Dos bomberos revisitan el incendio del teatro Novedades de 1928

Patricia Gosálvez

Tras el incendio del teatro Novedades el 23 de septiembre de 1928 el diario El Progreso se hacía eco de los rumores que corrían por Madrid: "A algunas de las víctimas se les han apreciado heridas producidas por arma blanca, lo que hace suponer que algunos, ante el peligro en que veían su vida, quisieron abrirse paso a navajazos". Acababan de morir 90 personas (más unos 300 heridos) y nadie se explicaba cómo. Al final, la investigación forense descubrió que no había habido puñaladas. Sí resultó cierto, sin embargo, que la mayoría de las víctimas murieron aplastadas y pisoteadas entre sí en la carrera desesperada por salir a la calle. "Lo que mata no es tanto el humo o el fuego, como el pánico", explica Juan Carlos Barragán, autor, junto a Pablo Trujillano, del libro Historia del Cuerpo de Bomberos de Madrid: de los matafuegos al Windsor.

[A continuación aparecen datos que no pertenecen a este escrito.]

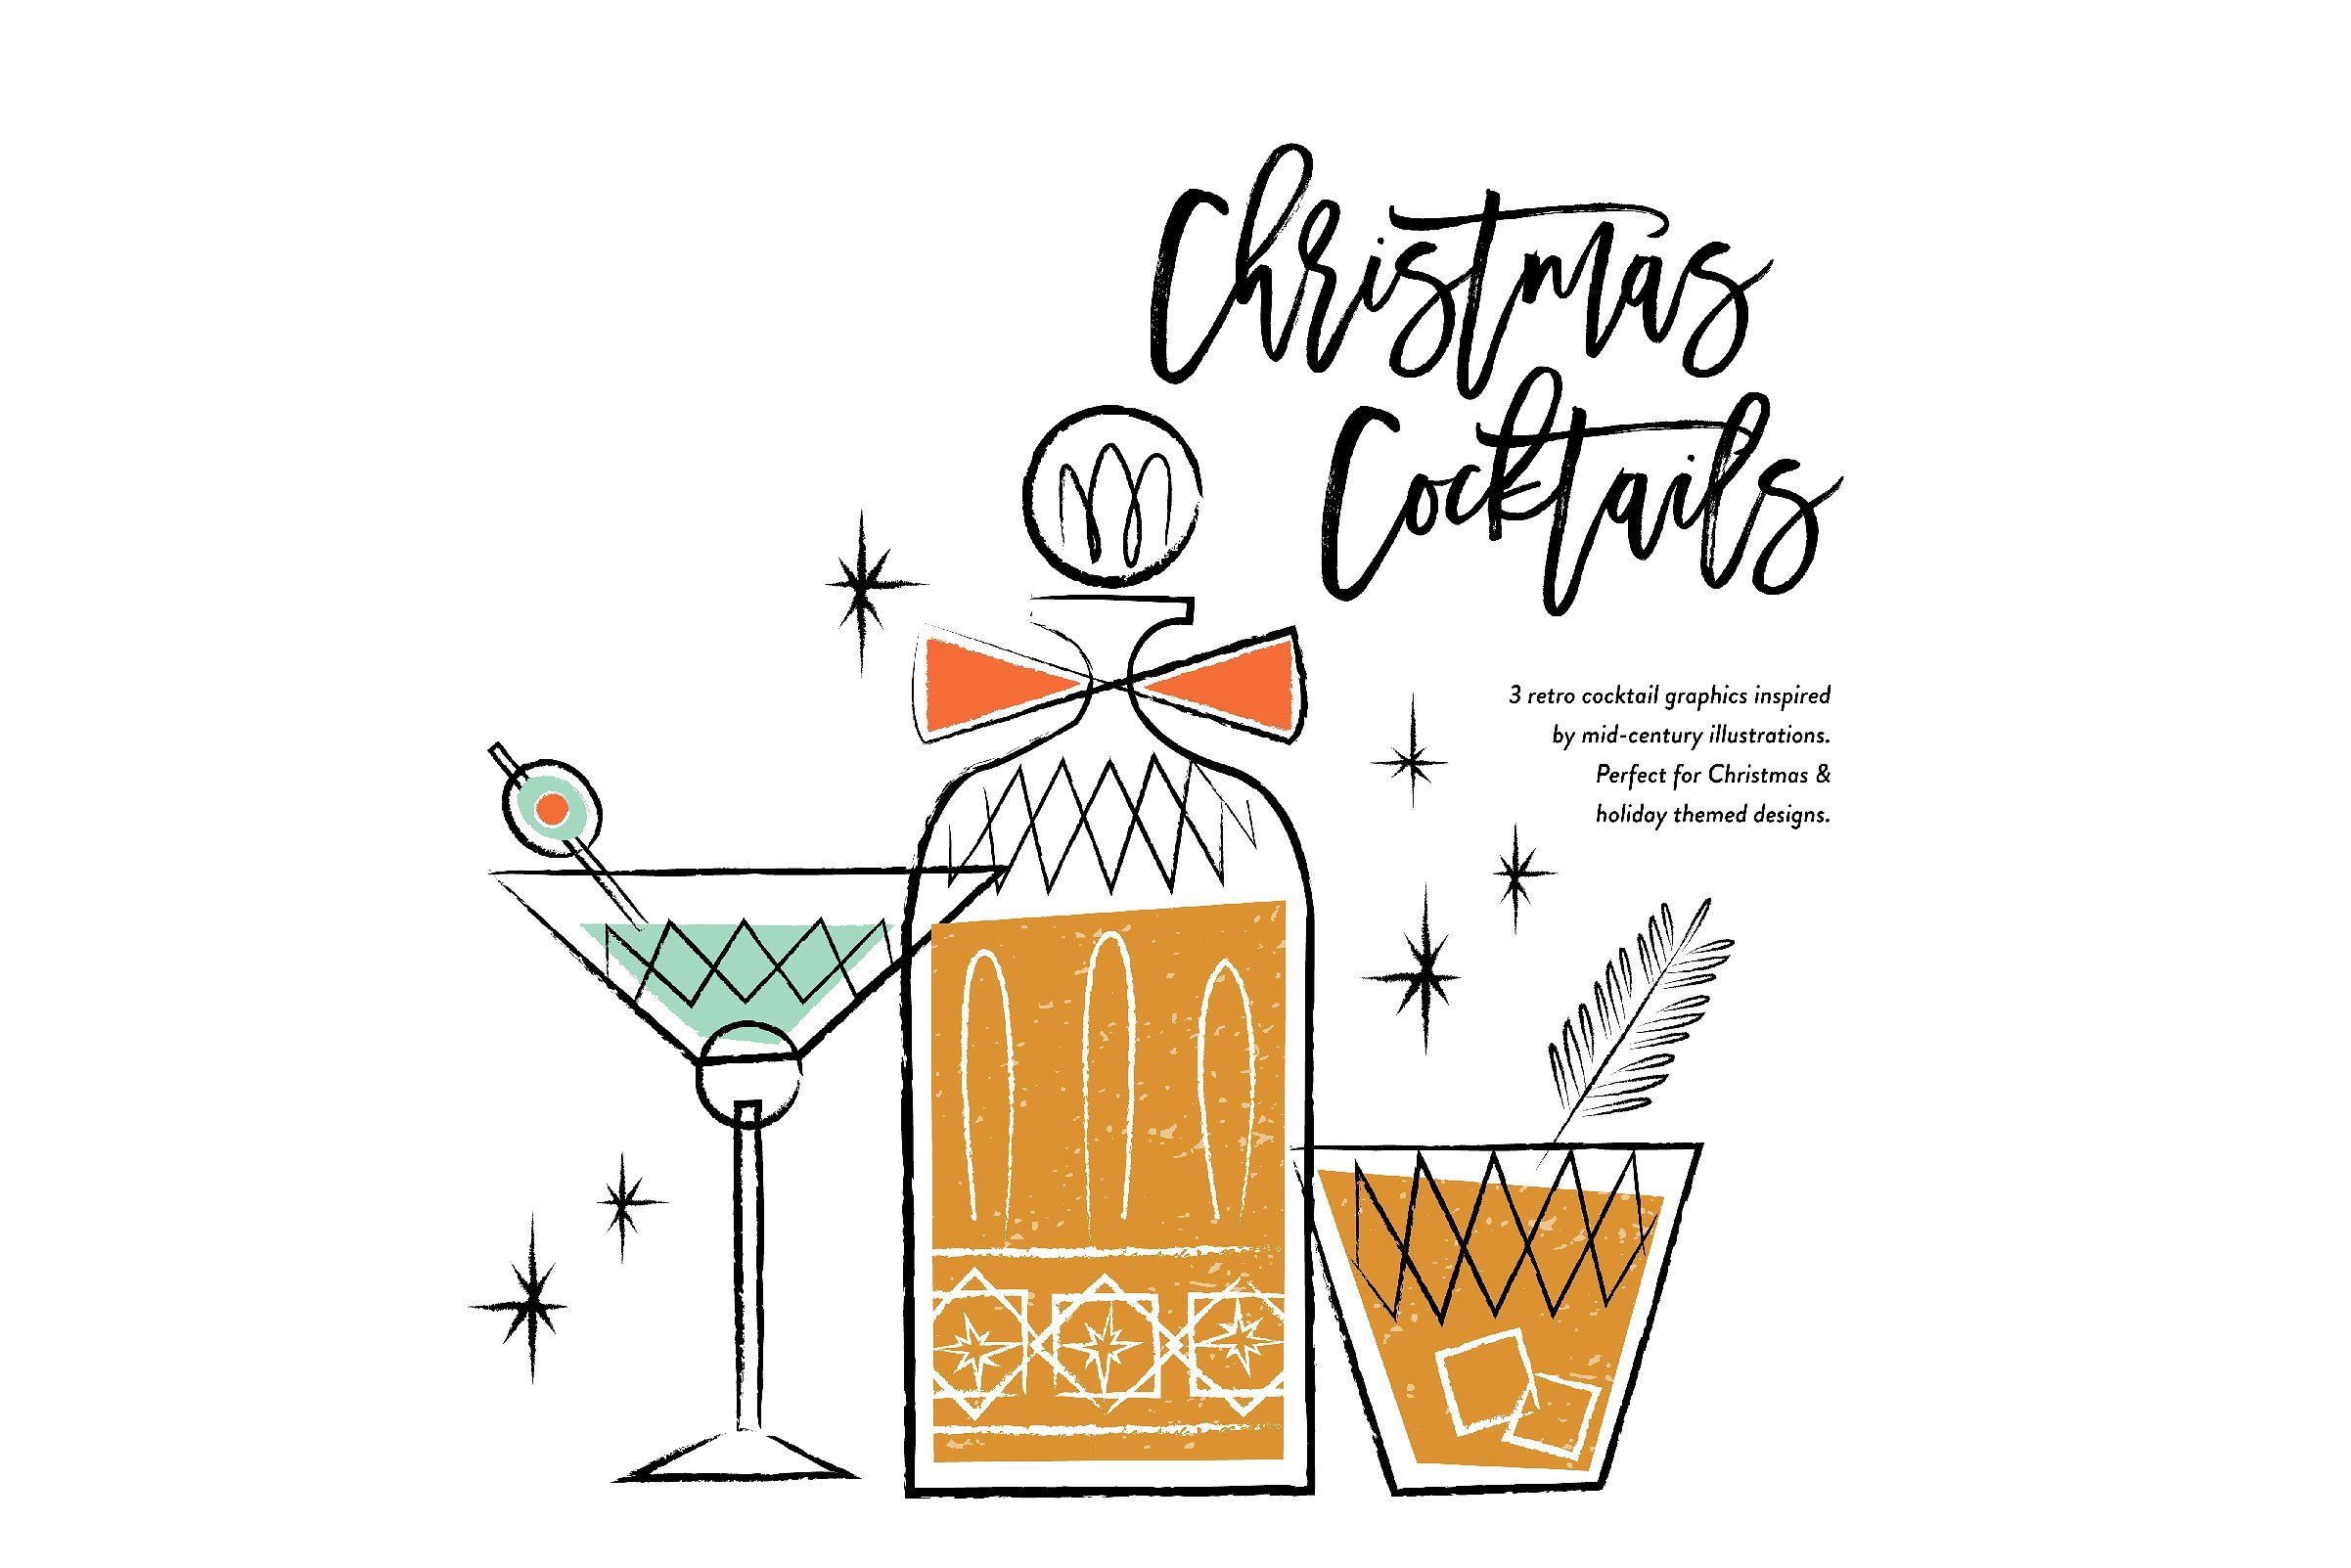 Vintage Christmas Cocktails #retro#holidays#cocktail

Acababan de morir 90 personas (más de 300 heridos) y nadie se explicaba cómo
Hallaron cuerpos agarrotados tirando de los pelos a los que tenían delante

Ambos son bomberos y opinan que, de ocurrir hoy, la tragedia se repetiría. "Fue un cúmulo de errores, falta de prevención y pánico", dicen. "La boca de agua del escenario se atascó, bajaron en telón para que el público no se asustase del fuego y la orquesta siguió tocando". Una parte del público decidió aun así abandonar la sala, y al abrir la puerta la corriente de aire levantó el telón avivando el fuego y disparando pavesas sobre las primeras filas.

"Fue como en el incendio de la discoteca Alcalá 20 [ocurrido casi 60 años después] la gente se mata entre sí presa del pánico", dice Barragán. "En el Novedades hallaron cuerpos agarrotados, tirando de los pelos de quienes tenían delante", añade Trujillano. La responsabilidad también salpica a los poderes públicos. "Ya entonces se sabía que los teatros empotrados entre edificios son trampas mortales, sin embargo, el 99% siguen estándolo", dicen los bomberos, "pero los políticos solo se mojan cuando truena". Se quejan de que no se cuenta lo suficiente con la opinión de los bomberos en las leyes de prevención ("que se hacen en los despachos", aseguran) y de que se sigue sin dedicar suficiente dinero a formación. También faltan efectivos. Según la Unión Europea, debería de haber un bombero por cada mil habitantes; en la capital el ratio es la mitad.

Aquel domingo del 28 acudió al servicio todo el Cuerpo: 198 bomberos, ocho capataces, 11 conductores y 10 vehículos. Hoy cuenta con 1.453 hombres y 209 coches y camiones.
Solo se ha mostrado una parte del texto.